Transcript as follows: [bold emphasis mine]

You have lived just the seventy years which are greatest in the world's history & richest in benefit & advancement to its peoples. These seventy years have done much more to widen the interval between man & the other animals than was accomplished by any five centuries which preceded them.

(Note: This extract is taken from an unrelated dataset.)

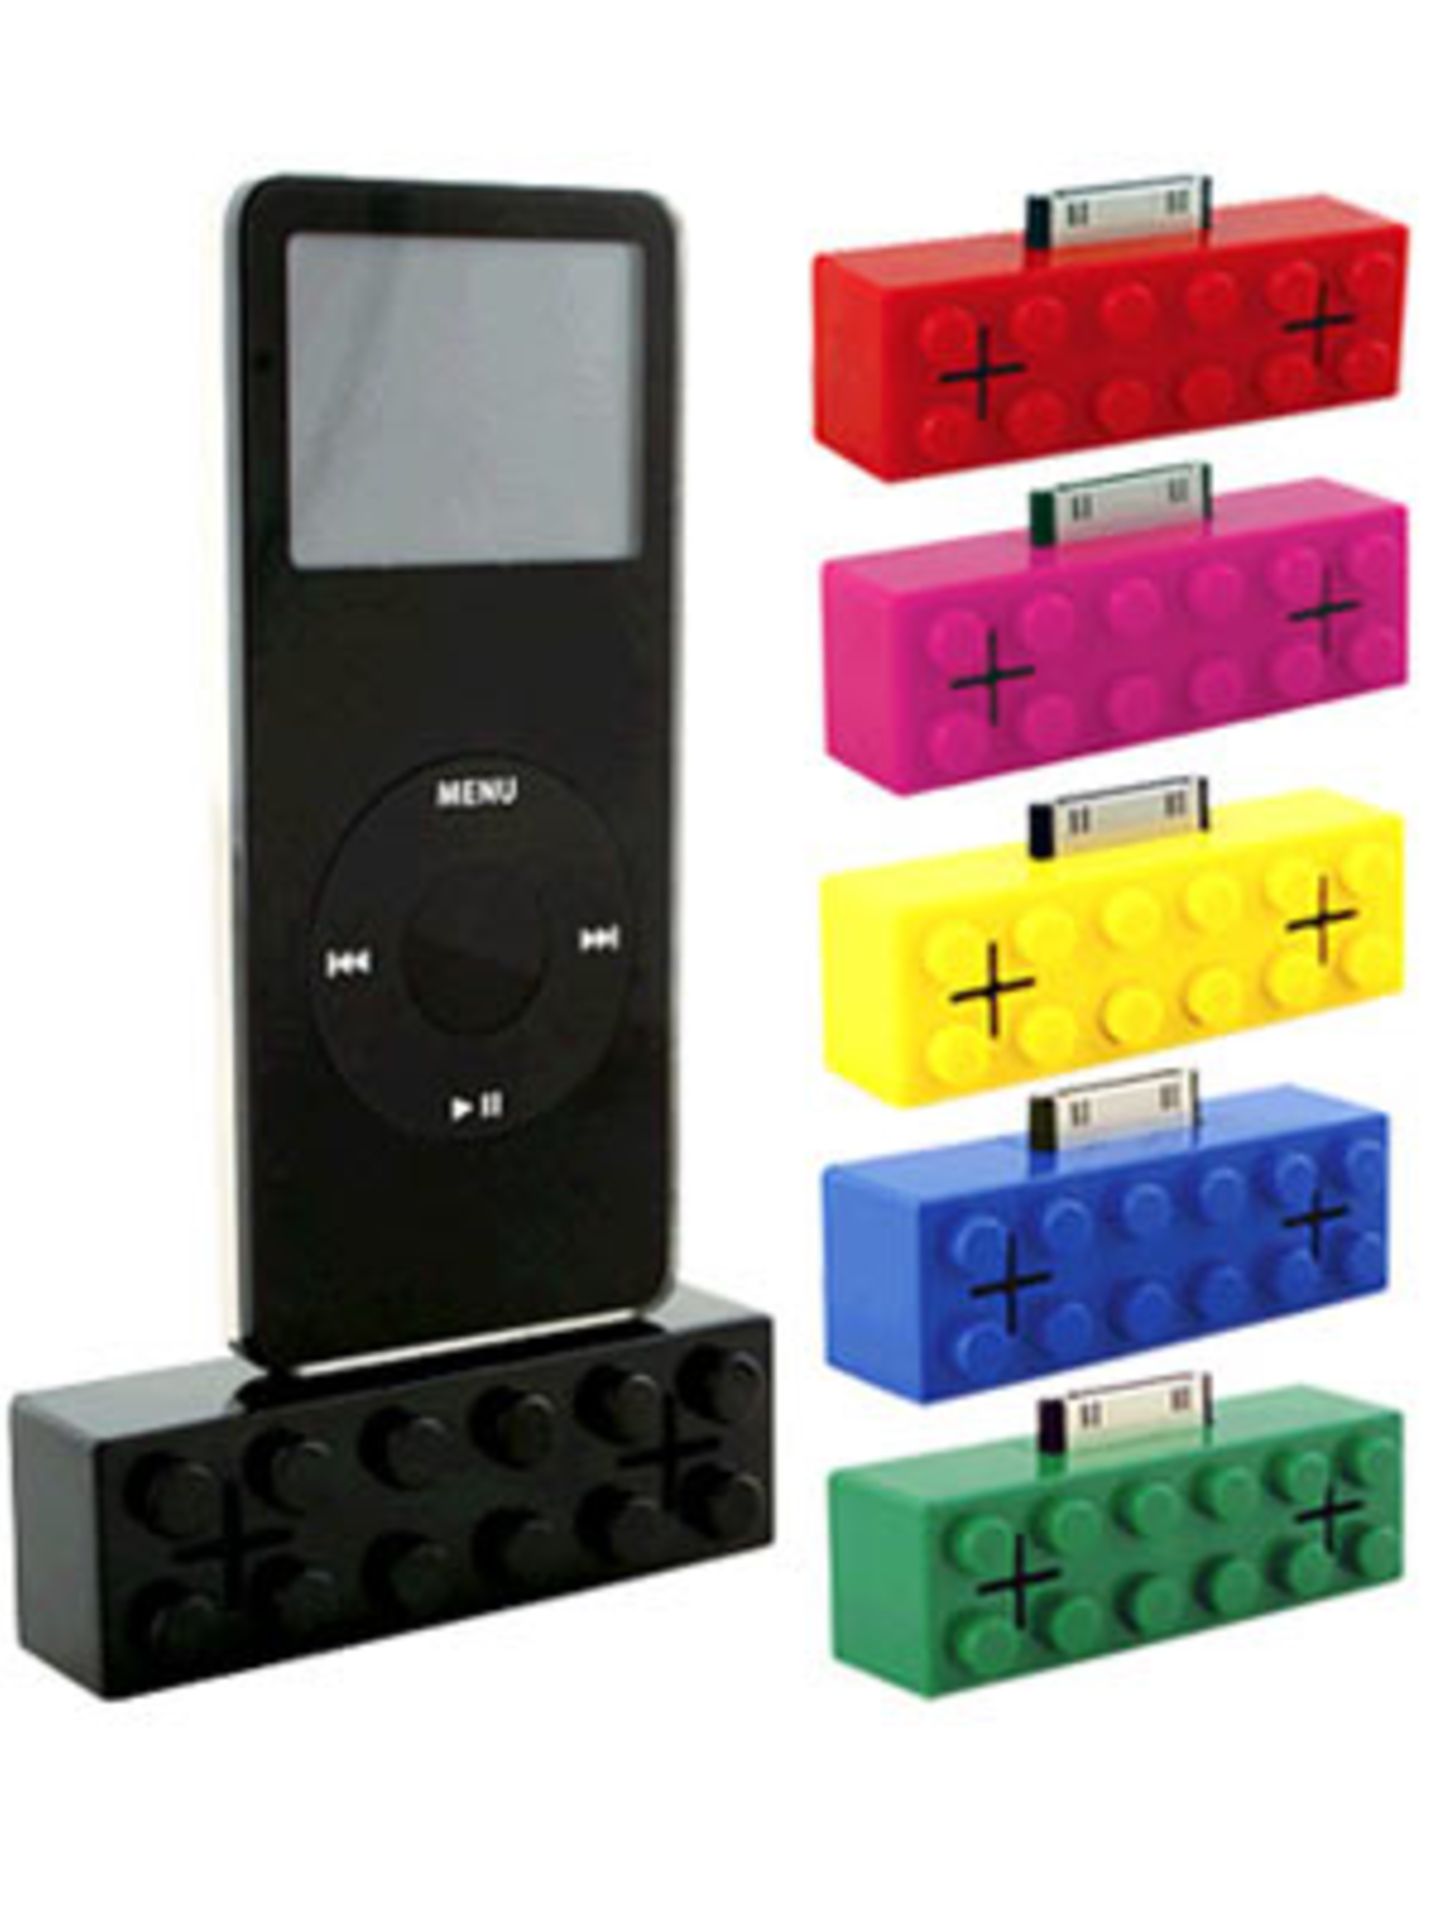 Retro-Lautsprecher für den iPod von fredflare.com, um 30 Euro.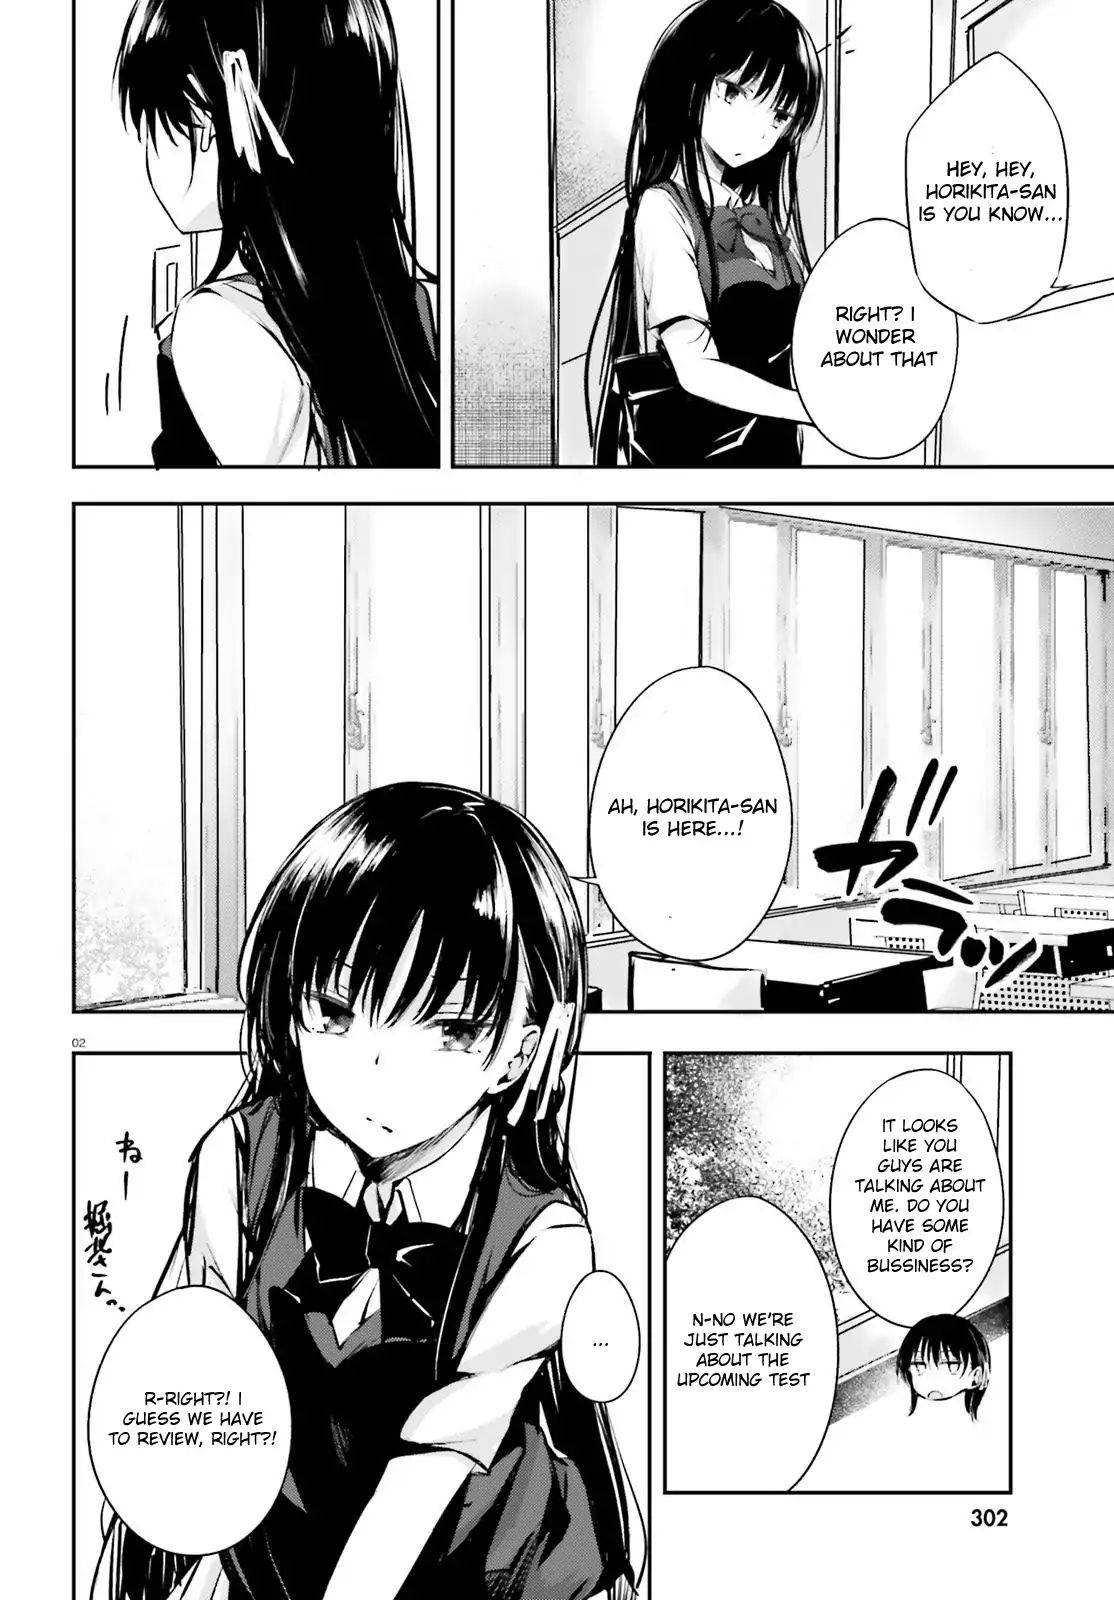 Read Manga Classroom of the Elite √Horikita - Chapter 6

What great births you have witnessed! The steam press, the steamship, the steel ship, the railroad, the perfected cotton-gin, the telegraph, the phonograph, the photograph, photo-gravure, the electrotype, the gaslight, the electric light, the sewing machine, & the amazing, infinitely varied & innumerable products of coal tar, those latest & strangest marvels of a marvelous age. And you have seen even greater births than these; for you have seen the application of anesthesia to surgery-practice, whereby the ancient dominion of pain, which began with the first created life, came to an end in this earth forever; you have seen the slave set free, you have seen the monarchy banished from France, & reduced in England to a machine which makes an imposing show of diligence & attention to business, but isn't connected with the works. Yes, you have indeed seen much — but tarry yet a while, for the greatest is yet to come. Wait thirty years, & then look out over the earth! You shall see marvels upon marvels added to these whose nativity you have witnessed; & conspicuous above them you shall see their formidable Result — Man at almost his full stature at last! — & still growing, visibly growing while you look.

Read the rest here

Well, Mark Twain was right. Such marvels has been brought about by capitalism.

2 comments:

Paul said...

Benson,

Wow. I loved Mark Twain's Tom Sawyer/Huck Finn books and am a huge Walt Whitman fan, and to know of that correspondence between these giants moves me.

As a supplement, you might want to read Whitman's poem 'Years of the modern', which actually came before the 1889 letter.

Here's an excerpt:

Never was average man, his soul, more energetic, more like a God;
Lo! how he urges and urges, leaving the masses no rest;
His daring foot is on land and sea everywhere—he colonizes the Pacific, the archipelagoes;
With the steam-ship, the electric telegraph, the newspaper, the wholesale engines of war,
With these, and the world-spreading factories, he interlinks all geography, all lands;
—What whispers are these, O lands, running ahead of you, passing under the seas?
Are all nations communing? is there going to be but one heart to the globe?
Is humanity forming, en-masse?—for lo! tyrants tremble, crowns grow dim;
The earth, restive, confronts a new era, perhaps a general divine war;
No one knows what will happen next—such portents fill the days and nights;
Years prophetical! the space ahead as I walk, as I vainly try to pierce it, is full of phantoms;
Unborn deeds, things soon to be, project their shapes around me;
This incredible rush and heat—this strange extatic fever of dreams, O years!
Your dreams, O years, how they penetrate through me!(I know not whether I sleep or wake!)
The perform'd America and Europe grow dim, retiring in shadow behind me,
The unperform'd, more gigantic than ever, advance, advance upon me.

benson_te said...

Thanks alot Paul,

My interpretation of 'Years to Modern' characterizes today's globalization.e.g

"With these, and the world-spreading factories, he inter- links all geography, all lands;" (and more....)

And it seems that both Mark Twain and Walt Whitman had been spot on!